2. Missing strangers and “familiar strangers”
During the times of pandemic lockdowns, places such as a favorite coffee shop were shut down, and people living alone missed the pleasant ritual of seeing some of the same people every day. Sometimes they had greeted those people, or exchanged pleasantries with them, even if they didn’t even know their names.
People who live alone in the city often enjoy being out and about, among other people, but during lockdowns, other people were less likely to be out on their front stoops, or in the parks, or scurrying to get to work. Just seeing those other people—either total strangers or “familiar strangers”—was something people living alone during the pandemic said that they missed. (My guess is that people living with others missed those kinds of experiences, too, but they were not included in the study.)
3. Physical aloneness
People living alone during the pandemic typically stayed connected with other people virtually, but physically, they were alone. “Sometimes this sense of physical aloneness was distressing,” Klinenberg and Leigh found, “but in other instances, it was simply their state of being.” Some didn’t think that loneliness was unique to those living alone; they mentioned friends and relatives who were feeling lonely, even though they were living with other people.
Interestingly, one of the people the researchers quoted was a man in his sixties who had just lost his partner of more than 30 years. He missed their casual commentary on the TV shows they watched together and chatting over dinner. That person was not just living alone as a matter of course; he was alone after living with a romantic partner for decades.

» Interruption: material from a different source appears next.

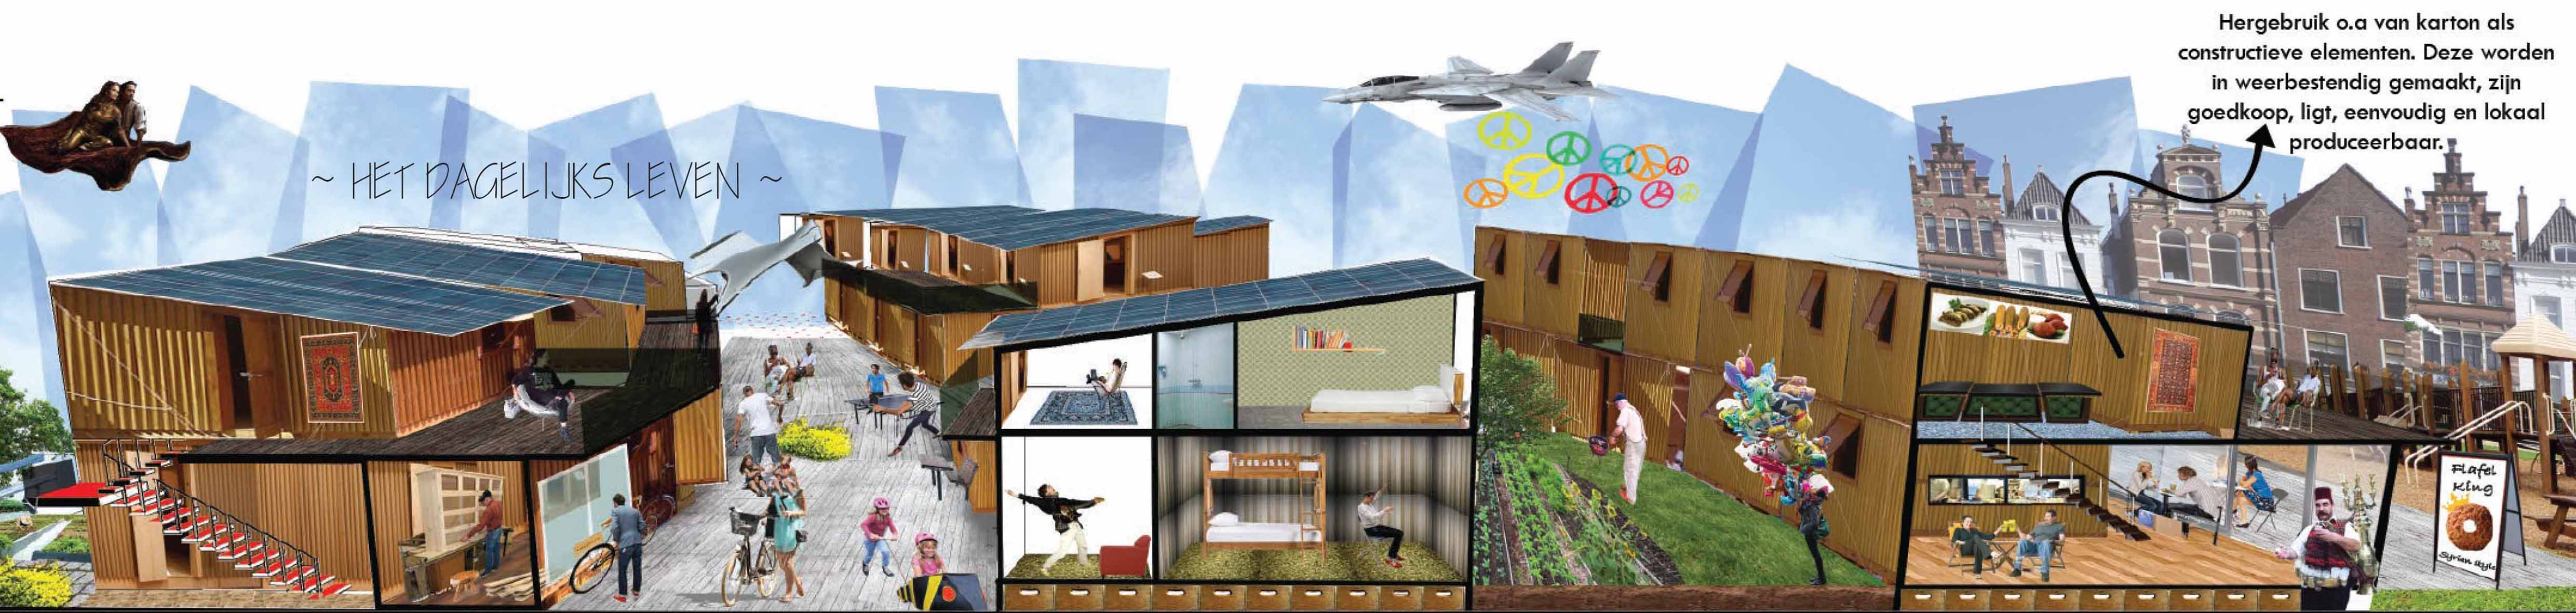 Sociale architectuur

People who are Single at Heart and who live alone are less likely to experience distress about being physically alone, even during a pandemic. They love being single, and one of the things they love about it is the opportunities it offers to have time and space to themselves. They are far more likely to savor their solitude than to feel lonely when they are alone.
The people living alone during the pandemic in 2020 may have felt abandoned by the people in power, they may have missed seeing people when they were out and about, they may have missed physical touch, and they may have had other challenges, too. Yet, Klinenberg and Leigh reported, “several interviewees discovered newfound confidence in themselves through navigating the uncertain early months of the pandemic alone. . . being able to successfully cope with the personal and logistical challenges of living alone became a source of strength.”
This post was adapted from a column published at Unmarried Equality, with the organization’s permission. The opinions expressed are my own.